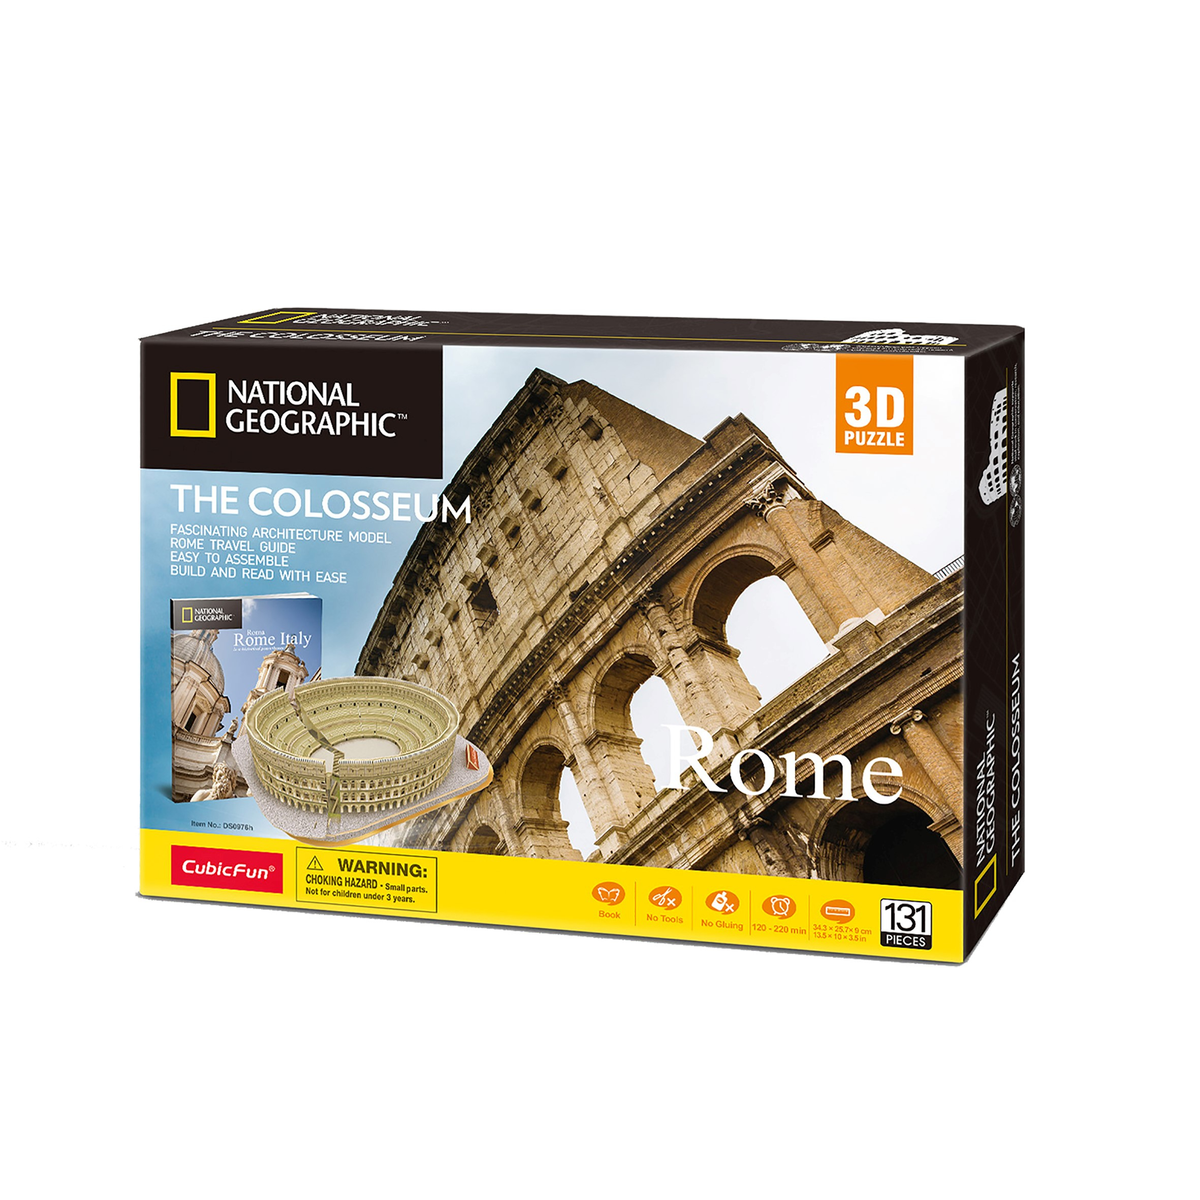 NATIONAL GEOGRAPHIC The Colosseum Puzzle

-*-

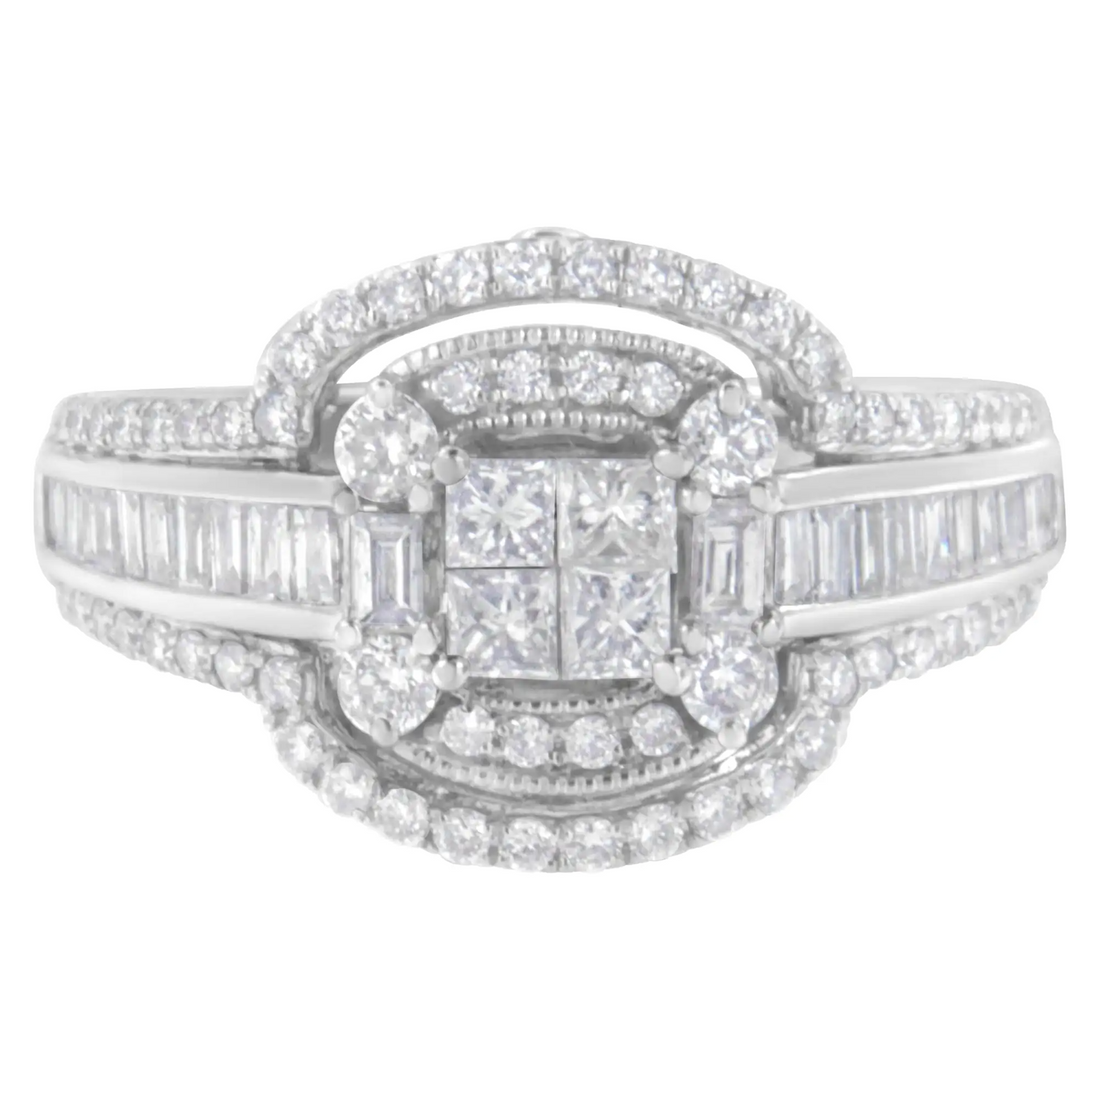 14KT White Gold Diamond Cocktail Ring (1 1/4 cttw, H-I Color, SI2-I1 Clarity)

-*-

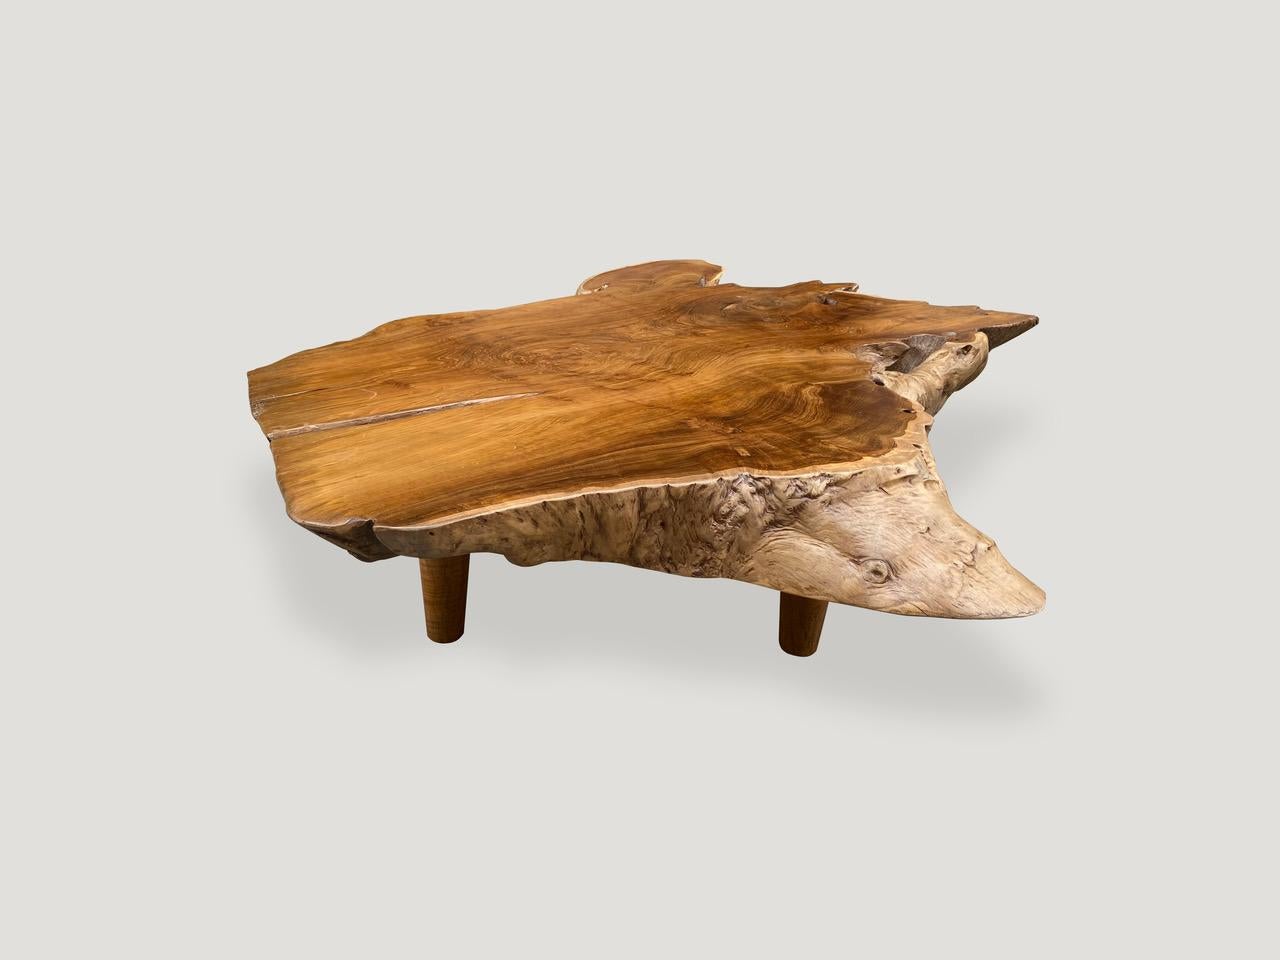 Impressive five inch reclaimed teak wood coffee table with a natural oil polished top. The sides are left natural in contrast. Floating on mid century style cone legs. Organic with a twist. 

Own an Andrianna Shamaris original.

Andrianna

-*-

Scan the material above. Extract every line in which the word "Andrianna" occurs.

EXPECTED ANSWER.
Own an Andrianna Shamaris original.
Andrianna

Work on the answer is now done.